Why It Stays Quiet More Often

On that same 30-file PR, a typical line-level review tool would have produced dozens of comments: style notes, defensive suggestions, generic warnings.

The graph-aware system produced zero flags in the final iteration, because every potentially breaking change had already been addressed in the same diff.

That is the real standard for review tooling. Not whether it can always say something, but whether it can keep quiet when the change is already coherent.

And when it does speak, the signal is sharper. The tool can point to the exact unaddressed consumer, the relationship type, and whether that consumer was modified, deleted, or untouched. That is not vague review noise. That is an architectural claim you can inspect.

Where It Still Falls Short

The approach still has limits.

Semantic dependencies.

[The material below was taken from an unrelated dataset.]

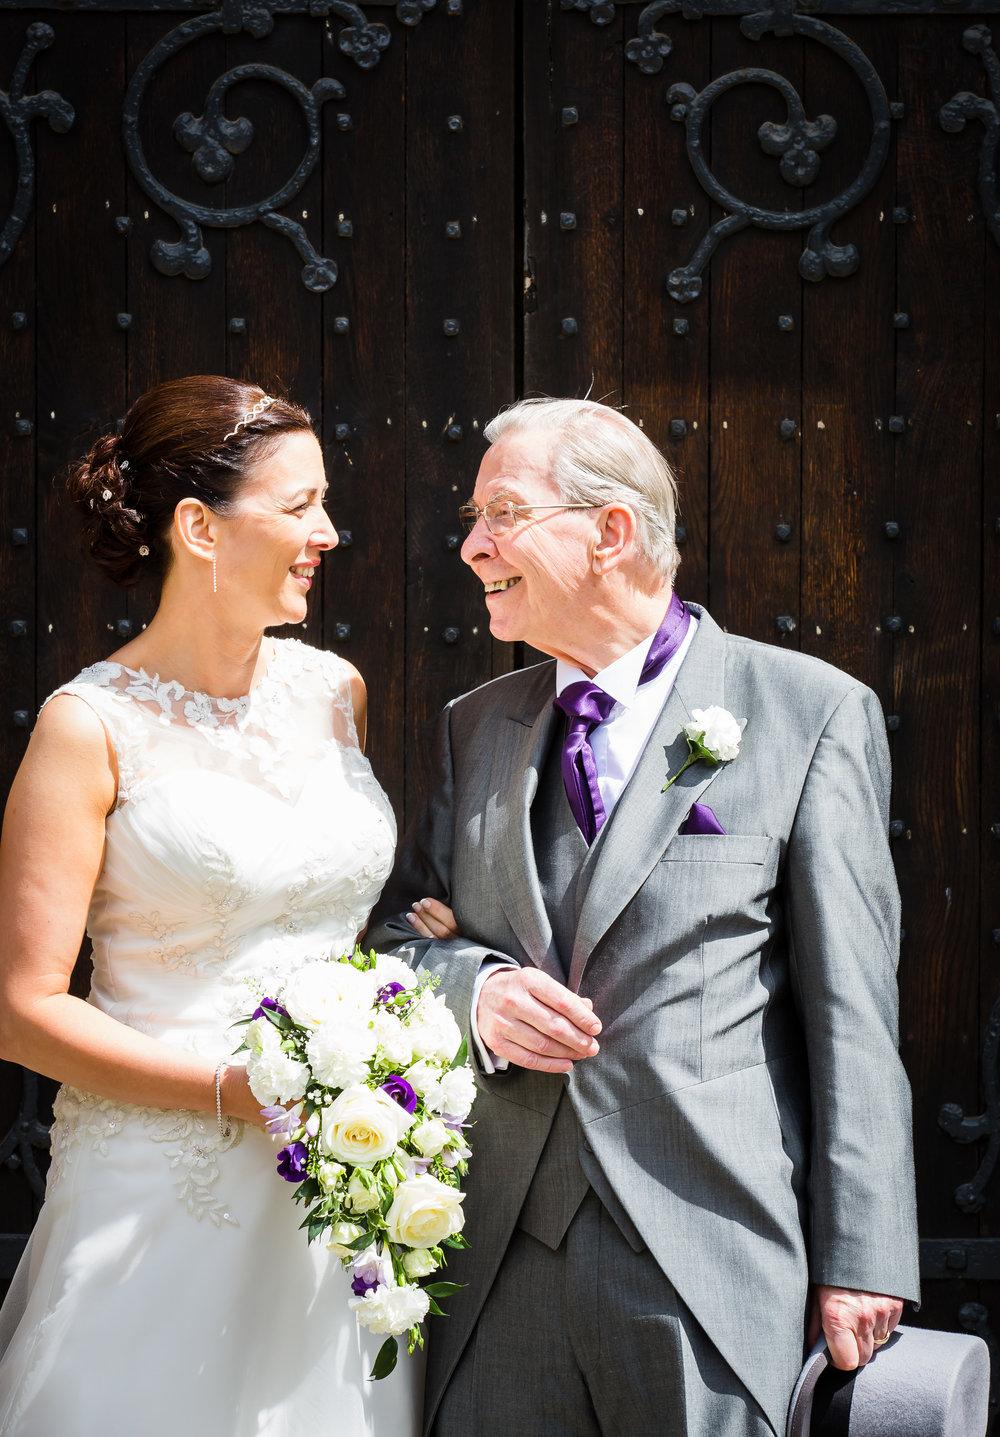 Anne & Richard's Wedding_Helen Cotton Photography©68.JPG

Tree-sitter captures syntax, not full type-aware behavior. Trait-mediated or interface-mediated dependencies can remain invisible.

Cross-repository edges. A service calling another service's API does not automatically become a graph edge. That remains a major gap for larger systems.

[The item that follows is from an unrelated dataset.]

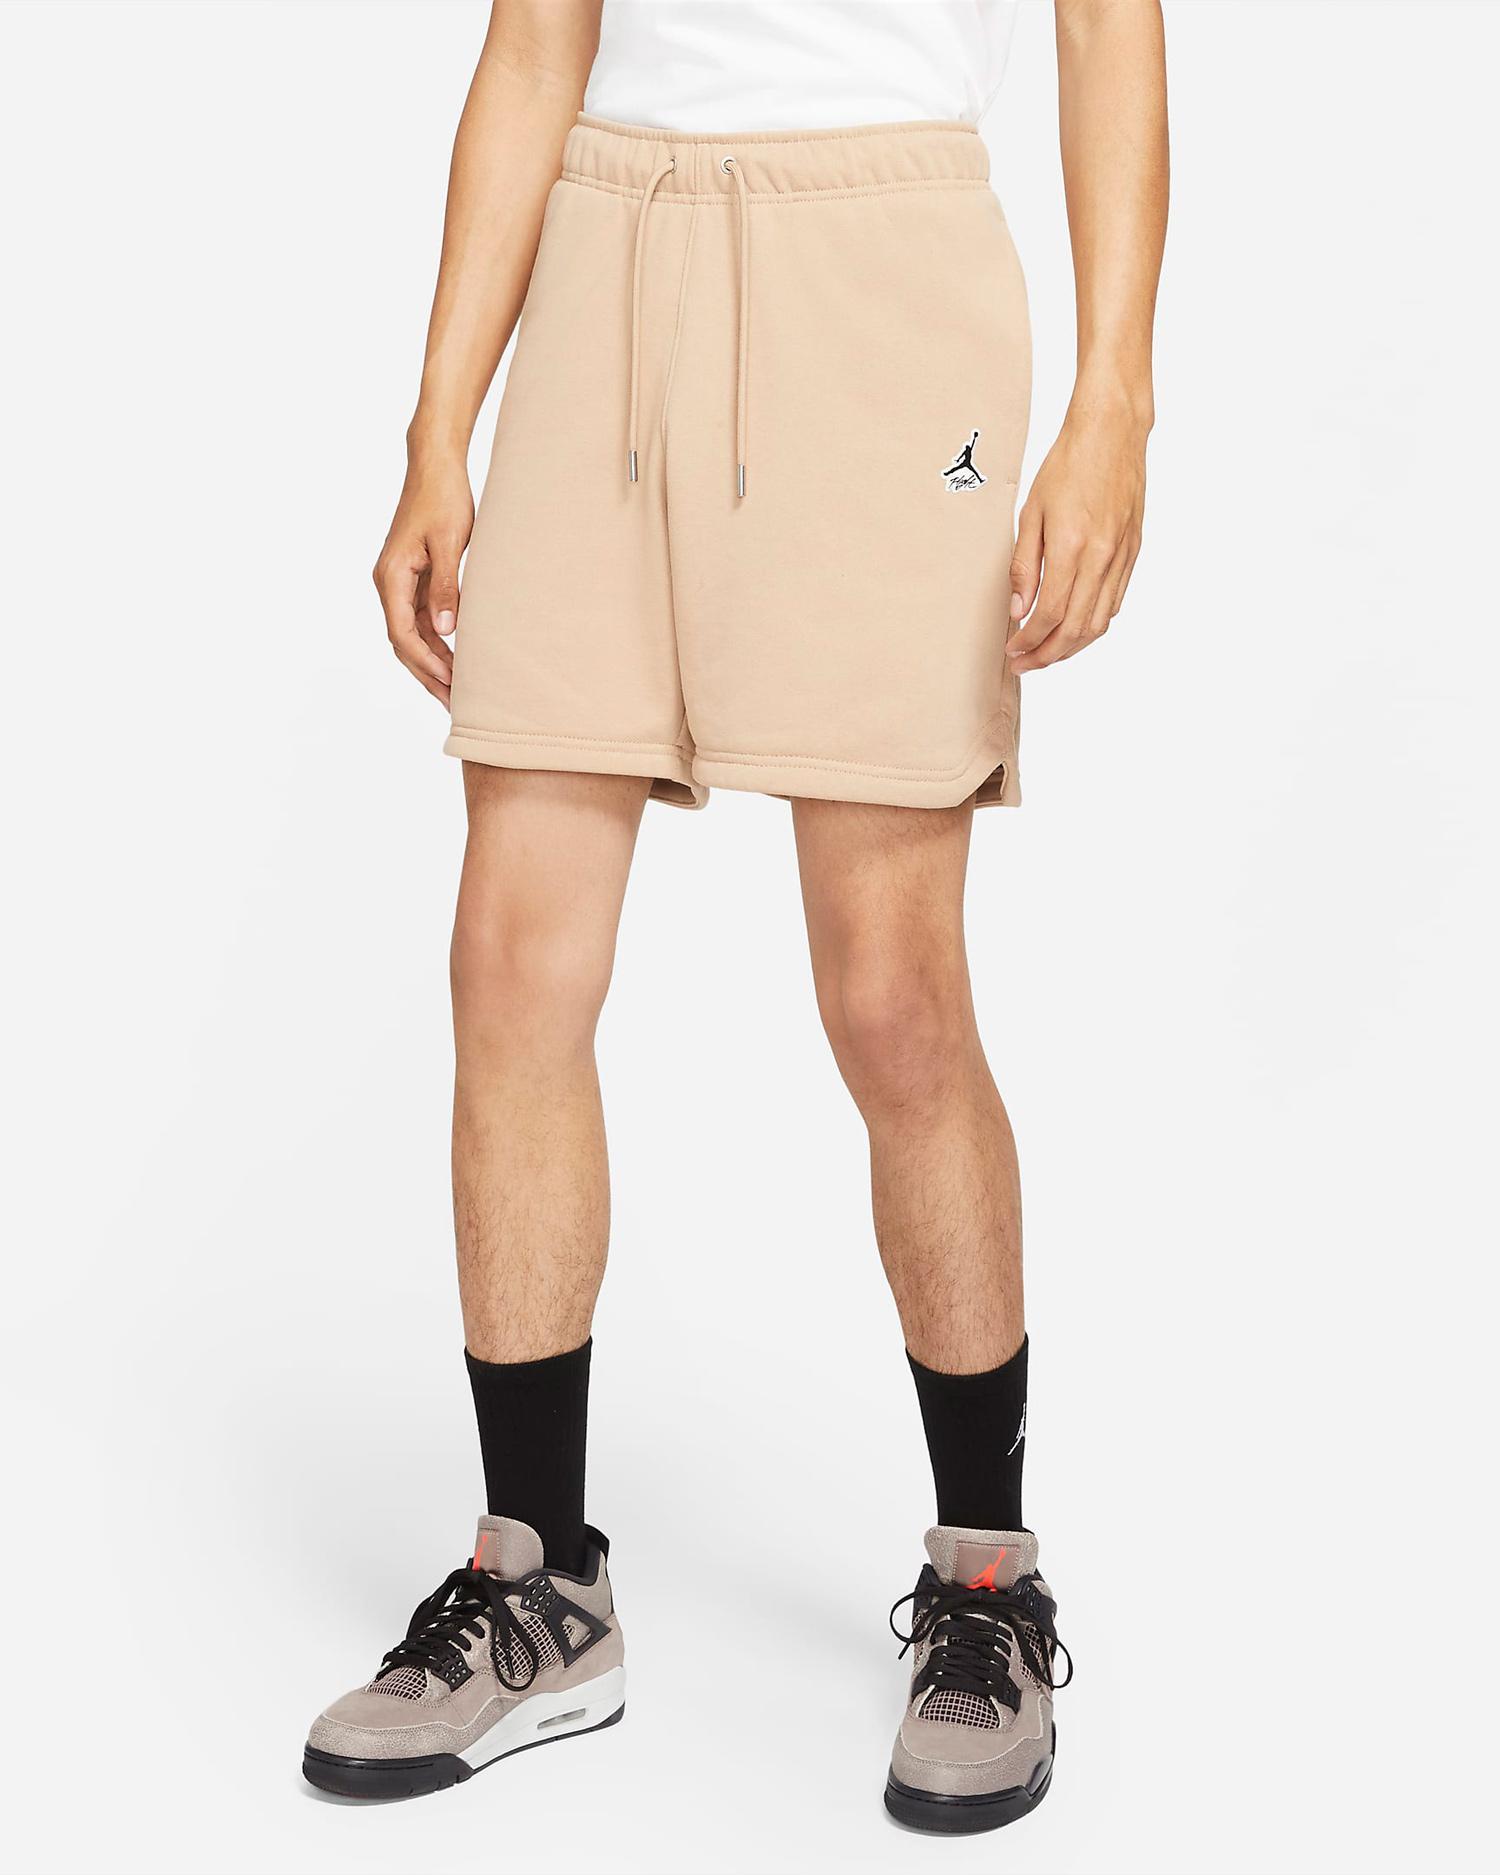 jordan-hemp-essentials-fleece-shorts-1

LLM reliability. The final judgment about whether a co-change actually handles a break still relies on a probabilistic model. The good news is that structured context makes this much more reliable. The bad news is that it does not make it deterministic.

Runtime dependencies. Data files like CSV, TOML, or JSON often matter deeply at runtime but do not appear in the static import graph unless you layer in framework-specific heuristics.

None of that breaks the value of the approach. It just marks the boundary of what static graph awareness can do on its own.

The Bet

The real change here is not that graph-aware review is a little better than line-level review. It is that it asks a better question.

Line-level tools ask whether the changed code looks right in isolation. Graph-aware review asks whether the change breaks anything downstream, and if it does, whether the break was handled.

That is a much better fit for how real code review works.

Clewso is open source under AGPL-3.0 at github.com/clewnet/clewso. The graph is built automatically from tree-sitter parsing. The review runs locally. And the argument is simple: if your review tool cannot see the dependency graph, it is blind to the most important part of the job.

That is the bet here too. Not that review can be fully automated. Just that the tooling should at least be looking at the thing that makes review hard.